# <center>Reinforcement Learning to Disentangle Multiqubit Quantum States<br>from Partial Observations</center>
---
### <center>*Interactive Demos*</center>

This notebook demonstrates the disentangling abilities of our RL agents. We choose to show only the 4 and 5-qubit agents, because they produce short enough circuits for this presentation format. Because the agents policy is modeled with Transformer architecture, we decided to show the attention scores (from the 4 qubit agent only). In each Episode Step you can apply a single qubit or two-qubit rotation to the current state.

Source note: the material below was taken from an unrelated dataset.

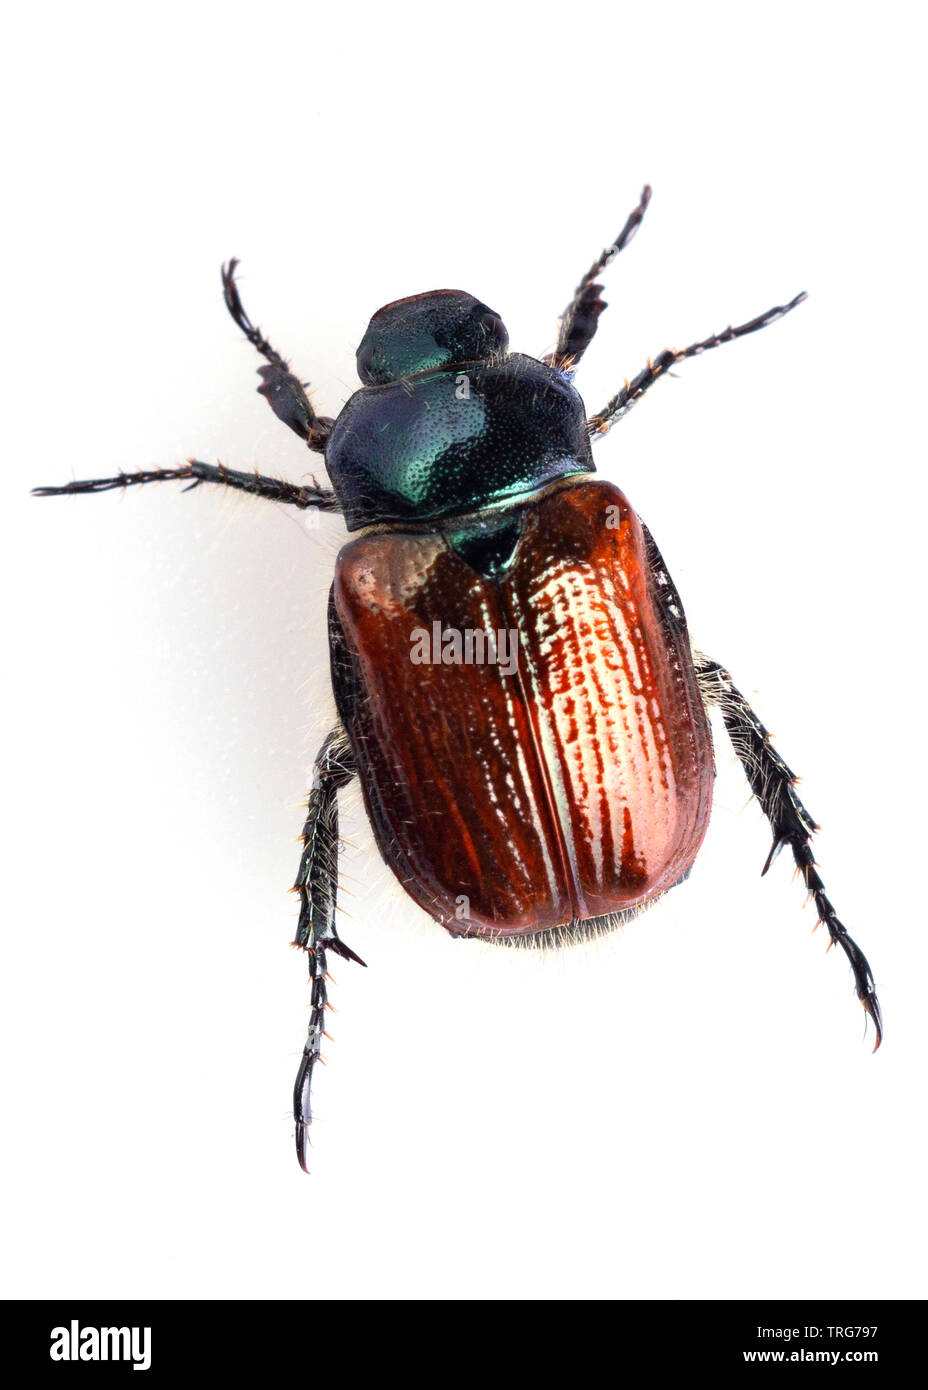 A living specimen of the Agonum sexpunctatum beetle from Gorleston in Norfolk, England Stock Photo

This lets you explore the generalization capabilities of the Deep Reinforcement Learning framework. (Note that the rotations are not shown in the Quantum Circuit). The amplitudes of the state are also visible and modifiable trough text boxes (Click on `Set` button to modify). The policy of the agent is shown as bar chart. Below the policy (negative Y) we show for each action $(i,j)$ what the average reduction in entanglement

$$\Delta S_\mathrm{avg} = \frac{1}{L}\sum_{i=1}^{i=L}{\Delta S_\mathrm{ent}(\rho^{(i)})}$$

would be if the agent were to take action $(i,j)$. Using this 
information, it can be seen that our agent is not greedy - there are examples where the taken action is not the one that minimizes $\Delta S_\mathrm{avg}$. You can also input your own states to the agent. See the cells below

In [None]:
%matplotlib widget

import numpy as np
from demo_impl import start_demo_4q, start_demo_5q

#### Use this cell to extend the dropdown menu with your custom inital states
There are default initial states also, for example `|0>|Bell>|0>` stands for $|0_1\rangle|\mathrm{Bell_{23}}\rangle|0_4\rangle$, `|GHZ>|Bell>` for $\mathrm{|GHZ_{123}\rangle|Bell_{45}\rangle}$, `|RRRR>|R>` for $\mathrm{|R_{1234}\rangle|R_5\rangle}$ and so on...

In [None]:
# States are normalized and converted to np.complex64 automatically
# You can add both 4q and 5q states here - they will appear
# in the correct corresponding demo below, respectively
my_initial_states = {
    "My4qState": np.random.randn(16) + 1j * np.random.randn(16),
    "My5qState": np.random.randn(32) + 1j * np.random.randn(32),
}

### Demo with 4-qubit agent

- The Quantum Circuit is show in top-left, the policy of the agent (positive Y) and average entanglement reductions $\Delta S_\mathrm{avg}$ for each step $(i,j)$ (negative Y) is show in bottom-left and attention scores are in right subfigure.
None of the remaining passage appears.